So from the short list (and remember the list is infinite, we just selected a few) we have two possible representations of 1 mod Totient.
(We didn’t even see any values with more than two prime factors but don’t worry, with bigger numbers you will find them.)

Here is another place where we get to choose. Once again, close your eyes and point or pull them out of a hat. It doesn’t matter just choose.

Again, there is a recommendation:

  1. For EncryptPrime choose a prime larger than (p – 1) or (q – 1).

For this example, I have chosen 37 × 73 even though they don’t meet the above recommendation, however, I can make either EncryptPrime or DecryptPrime, they are interchangable.

So I will make the bigger value EncryptPrime.

EncryptPrime = 73

DecryptPrime = 37

Step 6 – Encrypt

We now have everything we need to Encrypt and Decrypt.

CipherText = PlainTextEncryptPrime mod ProductOfPrime1Prime2

Lets say we have an ascii character ‘A’ or 65. We already know what all the variables except for the CipherText are.

PlainText = 65

EncryptPrime = 73

ProductOfPrime1Prime2 = 589

So lets put these values into our equation. This can be done with a simple calculator.

CipherText = 6573 mod 589 = 179

CipherText = 179

Step 6 – Decrypt

Now lets decrypt this.

PlainText = CiphertextDecryptPrime mod ProductOfPrime1Prime2

We already know what all the variables are. Normally the PlainText is not known before hand as it is known in this example.

CipherText = 179

DecryptPrime = 37

ProductOfPrime1Prime2 = 589

Lets put these values into our equation and make sure they return ‘A’ or 65.

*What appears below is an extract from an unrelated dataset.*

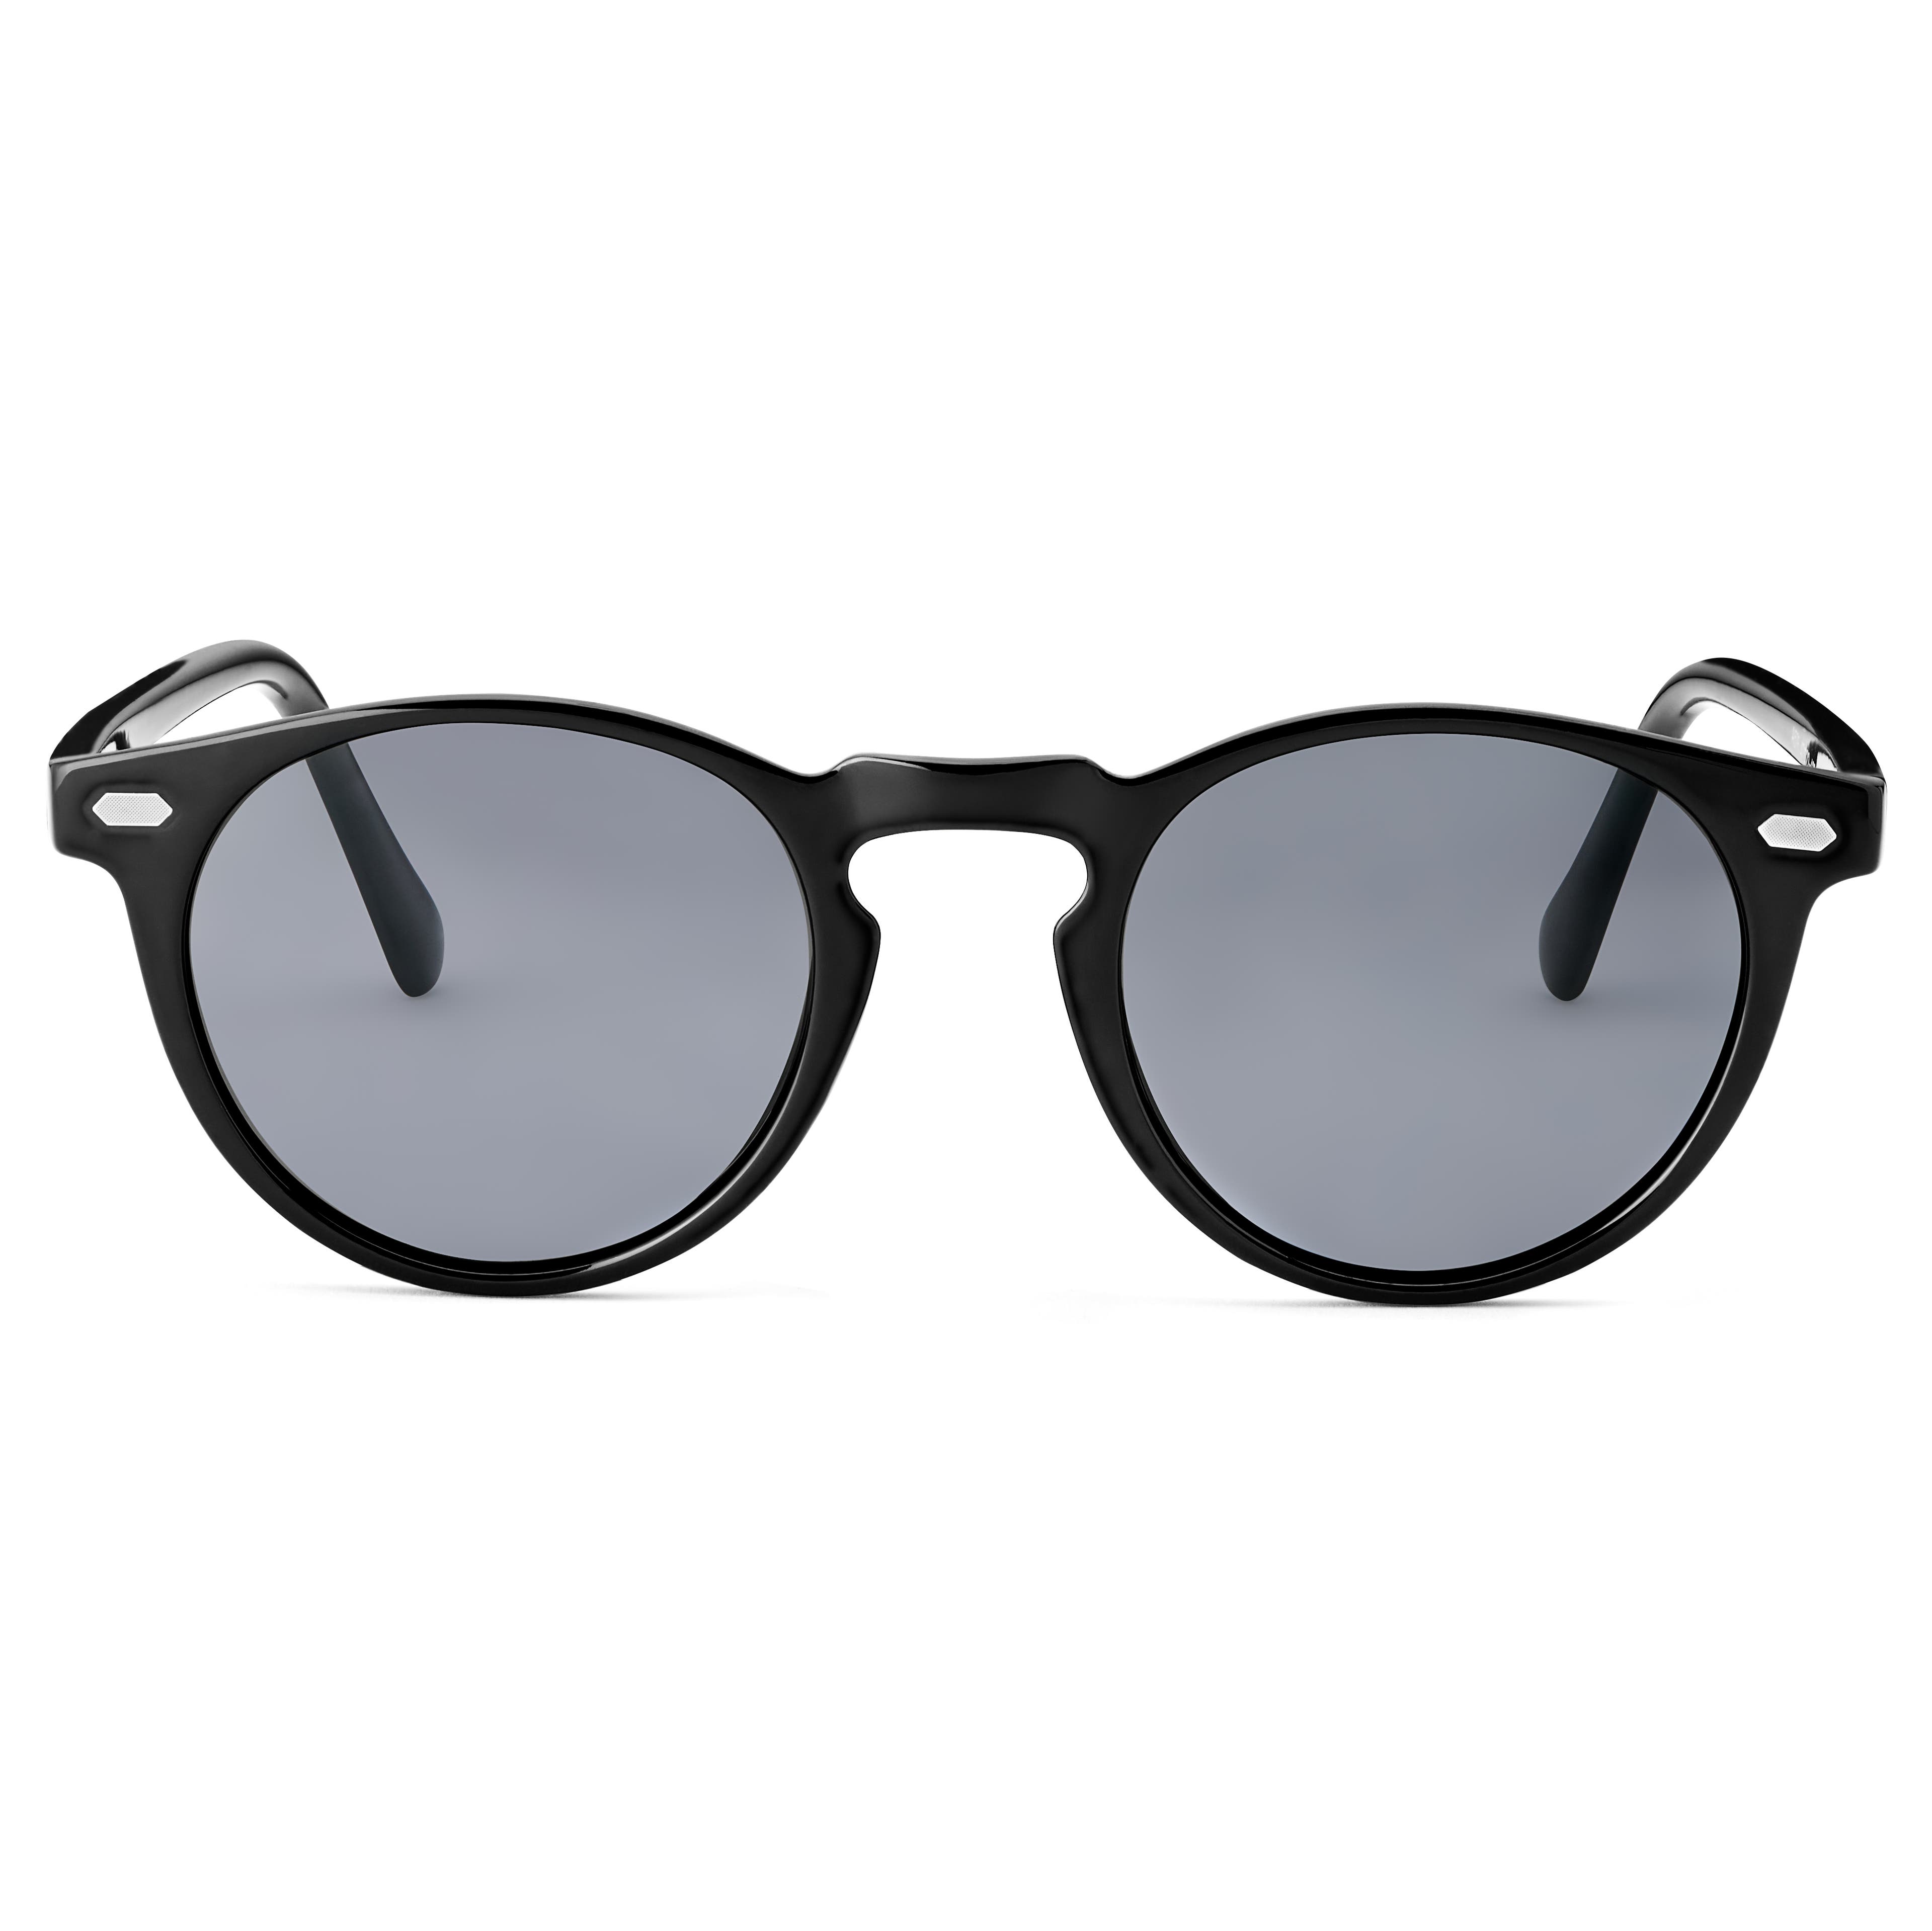 Gafas de sol retro redondas polarizadas en negro

PlainText = 17937 mod 589 = 65

PlainText = 65

How does this apply to Public/Private key security (your PC to an HTTPS web server)

It is simple. A public and private key are created on the server. When you hit a web server, the web server sends you the public key.

PublicKey contains: EncryptPrime and ProductOfPrime1Prime2

You are never sent the PrivateKey.

PrivateKey = DecryptPrime and ProductOfPrime1Prime2

This works because you cannot derive EncryptPrime from DecryptPrime and ProductOfPrime1Prime2

You encrypt everything you send to the web server with the PublicKey and they encrypt everything they send you with the PrivateKey. You can decrypt what the server sends you, but only the server can decrypt what you send back. So when you type in your Password into a your bank’s web page, your password is sent encrypted so only the server can decrypt it.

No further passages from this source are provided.